*What you should do:* Taking the data below, please print only the lines from the line holding "All I Need Today" to the line holding "Sunday school songs in telugu lyrics", inclusive, with pictures omitted.

*Data for review:*

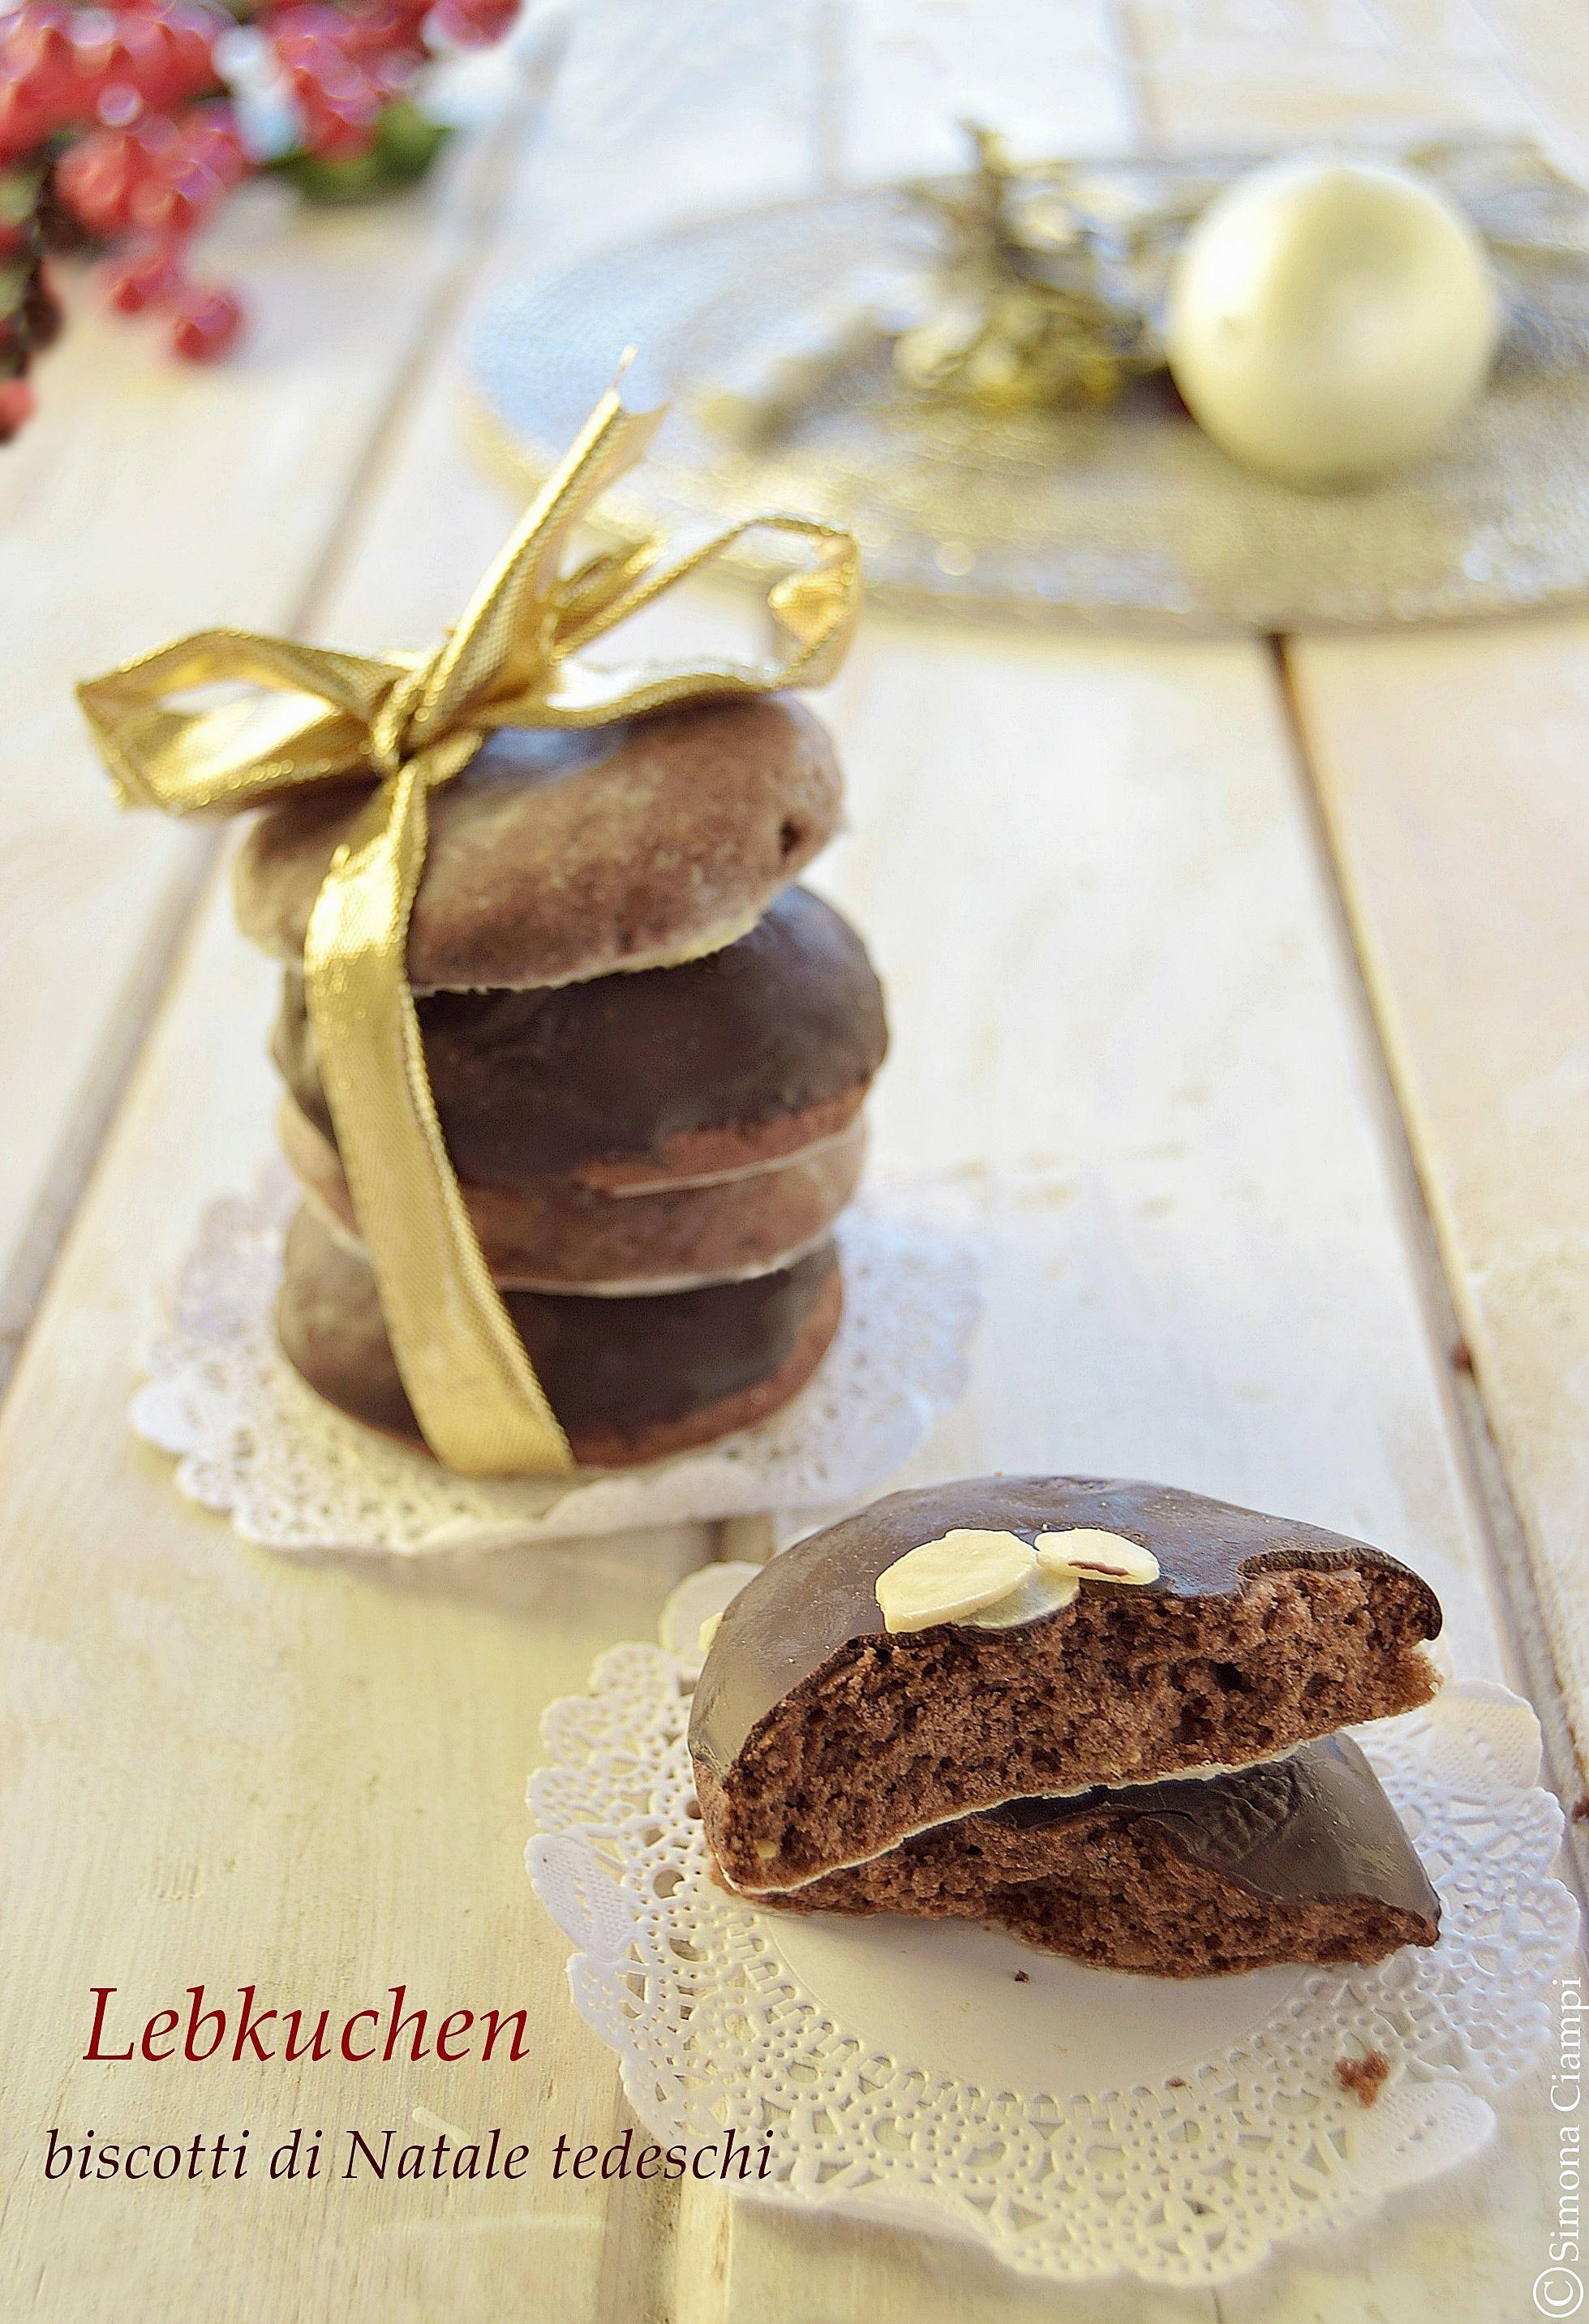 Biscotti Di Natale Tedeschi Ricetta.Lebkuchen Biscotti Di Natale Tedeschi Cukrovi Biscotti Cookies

* * *

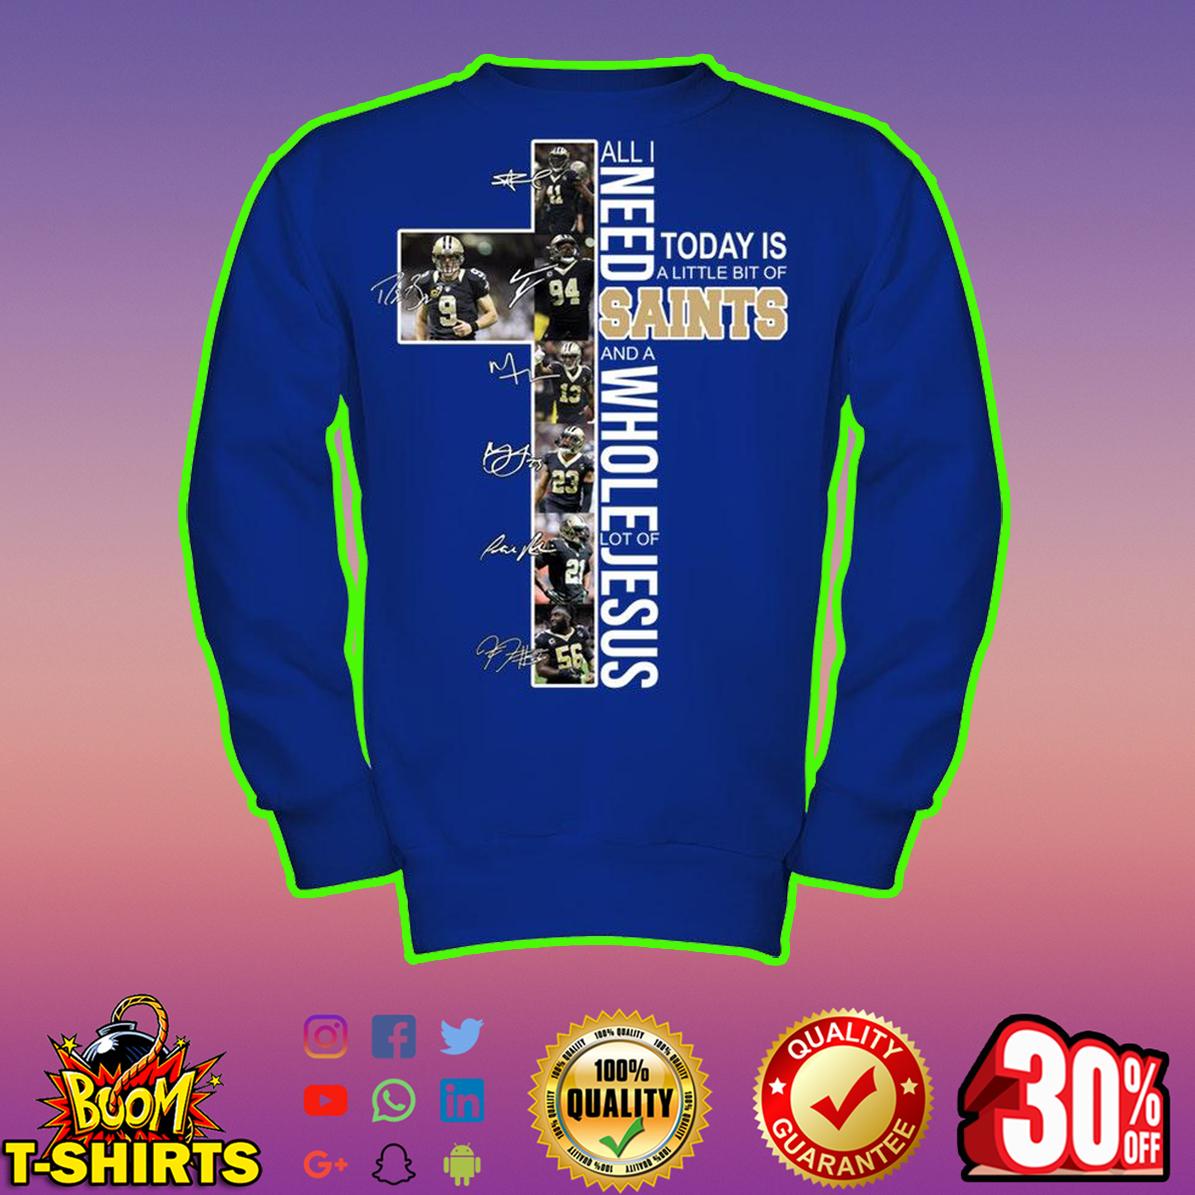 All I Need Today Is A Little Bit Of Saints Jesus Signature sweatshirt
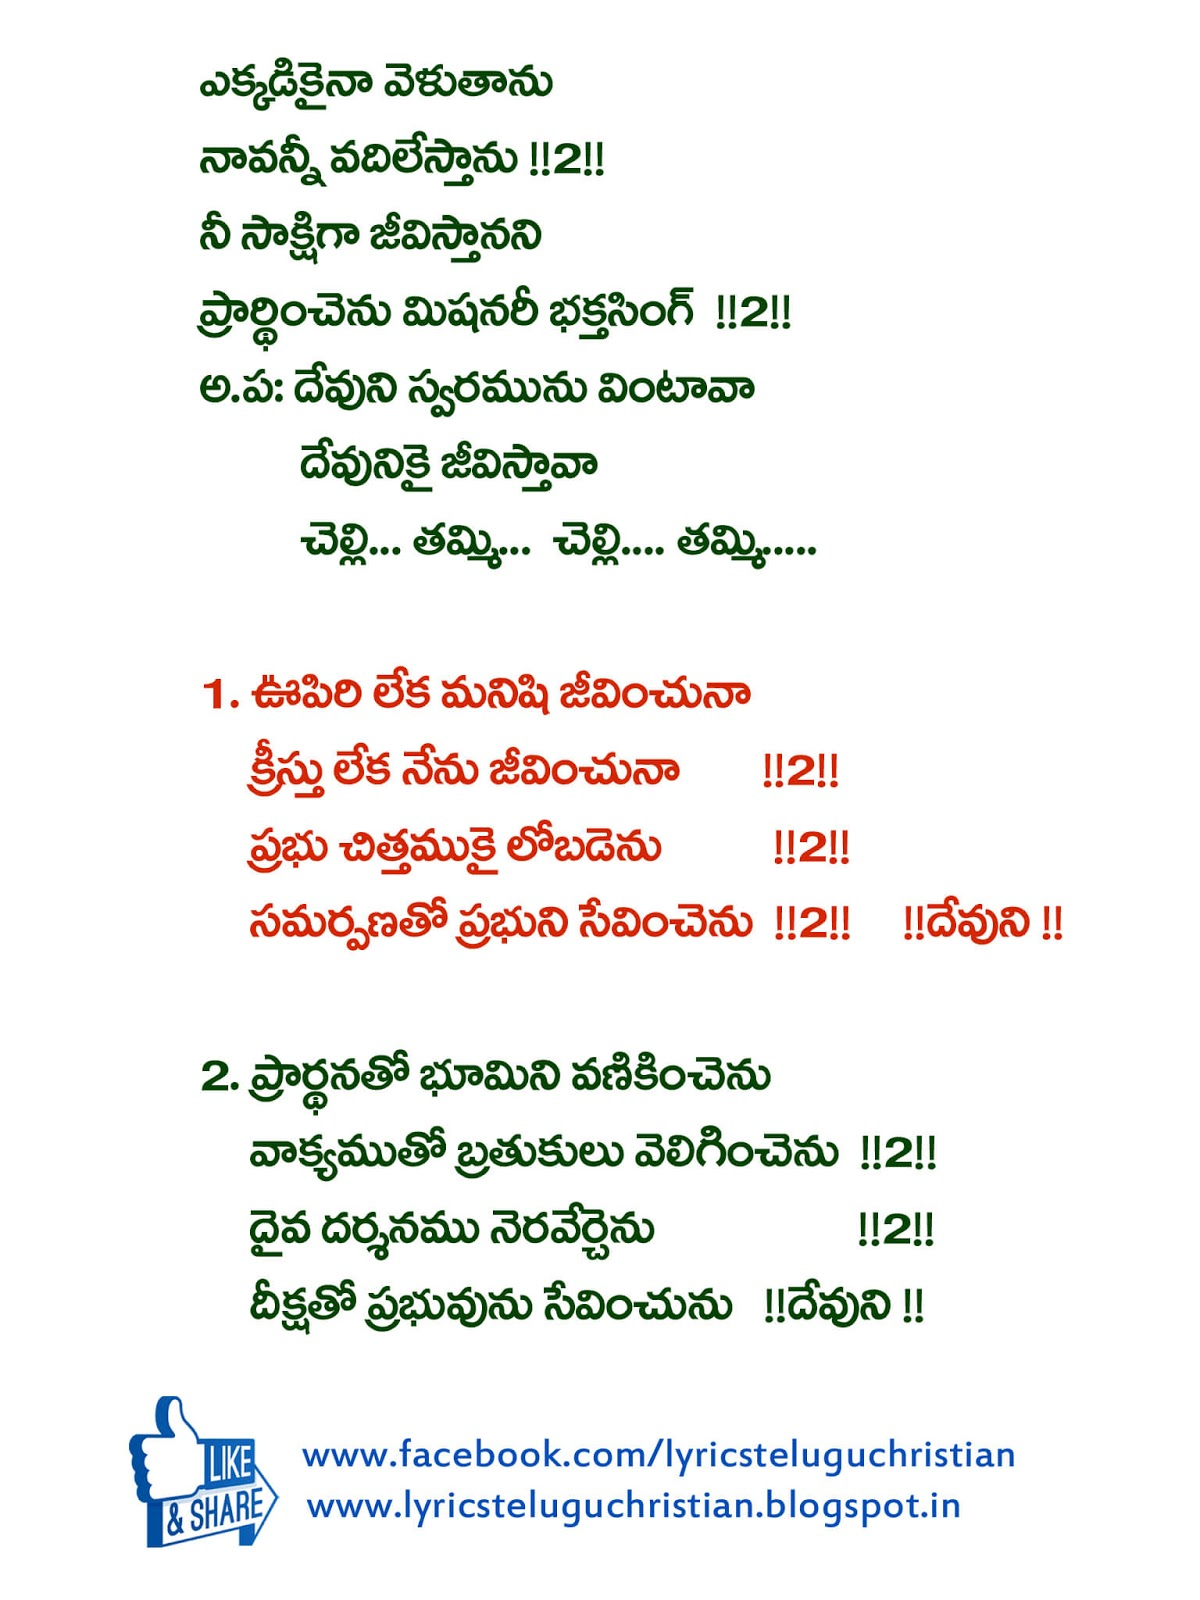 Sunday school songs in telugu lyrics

*Exercise result:*
 All I Need Today Is A Little Bit Of Saints Jesus Signature sweatshirt
 Sunday school songs in telugu lyrics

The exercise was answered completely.